Speed of Development: As mentioned above, the pace of software development is increasing. Agile practices, open source software frameworks and libraries, dynamic languages and improvements in tooling and delivery are combining to improve the effectiveness and efficiency of developers. New software and updates to existing software are being released readily to various open channels.

Speed of Operations: Movements such as DevOps, Continuous Deployment and Continuous Delivery are simplifying the full scale industrialization of software coding, streamlining pipelines of source to various endpoints. Manufacturing-style automation has finally made its way to software, enabling a few people to run large chunks of engineering infrastructure at a fraction of the cost of five years ago.

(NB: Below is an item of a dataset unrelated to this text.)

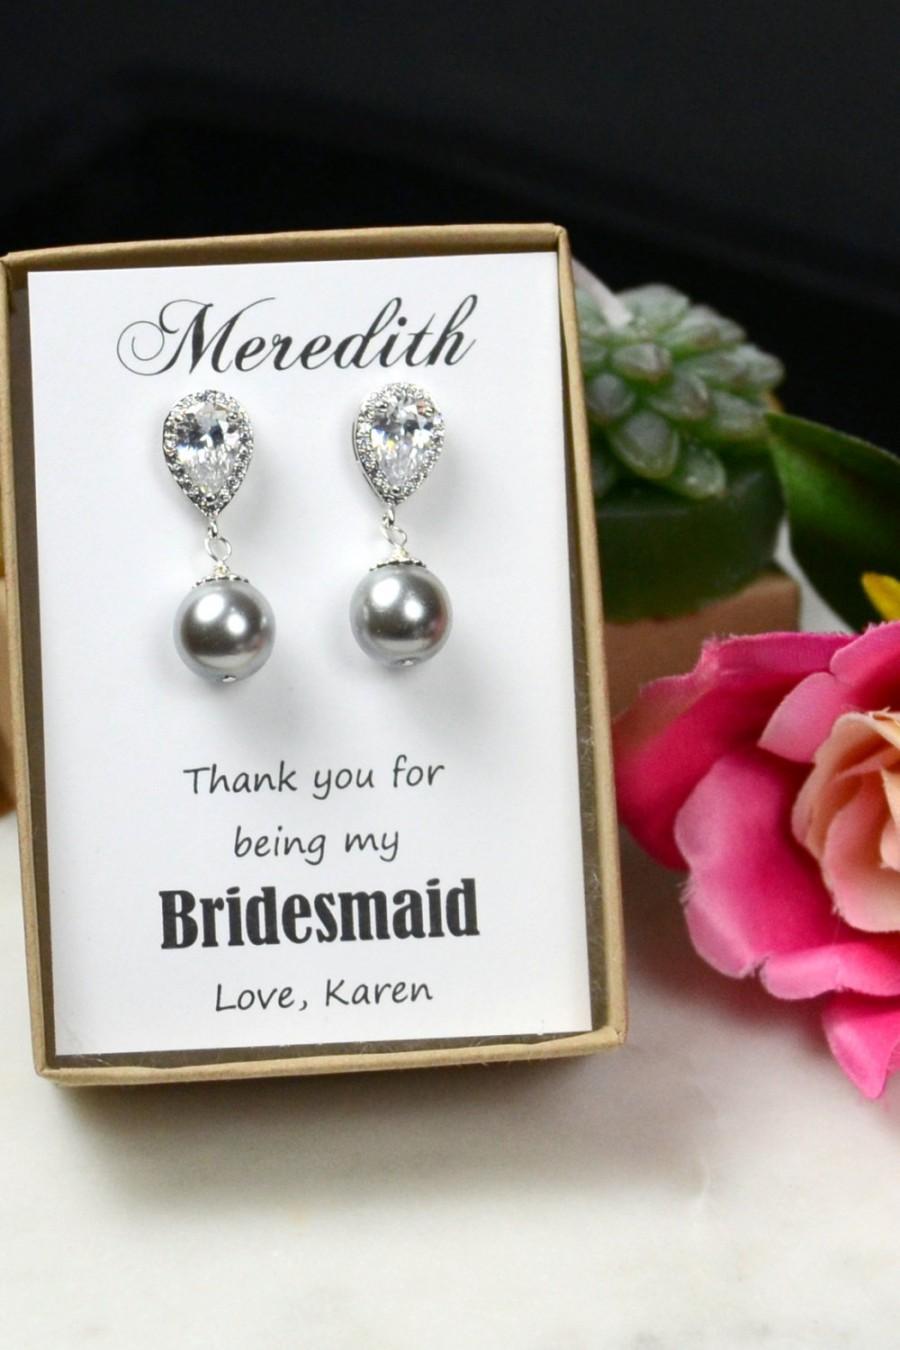 Wedding - Wedding Jewelry Bridesmaid Gift Bridesmaid Jewelry Bridal Jewelry Swarovski Round Pearl Drop Earrings Cubic Zirconia .Silver gray wedding

This automation also means less mistakes and errors via accountability and repeatability. But it does mean that speed must be built into the equation of software operation and maintenance.

Many enterprises haven’t found it possible to keep up with either the speed of software development or the speed of operations so that software can evolve to meet current needs or threats. The path just does does not exist, creating a performance and security situation which can be unmanageable. Worse, as vulnerabilities are identified in operational software, organizations struggle to “roll forward” or patch their environments.

Why? Simply, the frog has been cooked slowly or the enterprise hasn’t built up its organizational IT bureaucracy to match the speed of how software needed to be updated, maybe once a year? In many organizations the dependency on vendors to provide updates creates a lag and an environment ripe for attack. For open source software, most IT infrastructures just aren’t responsive enough to process/validate the flow of changes.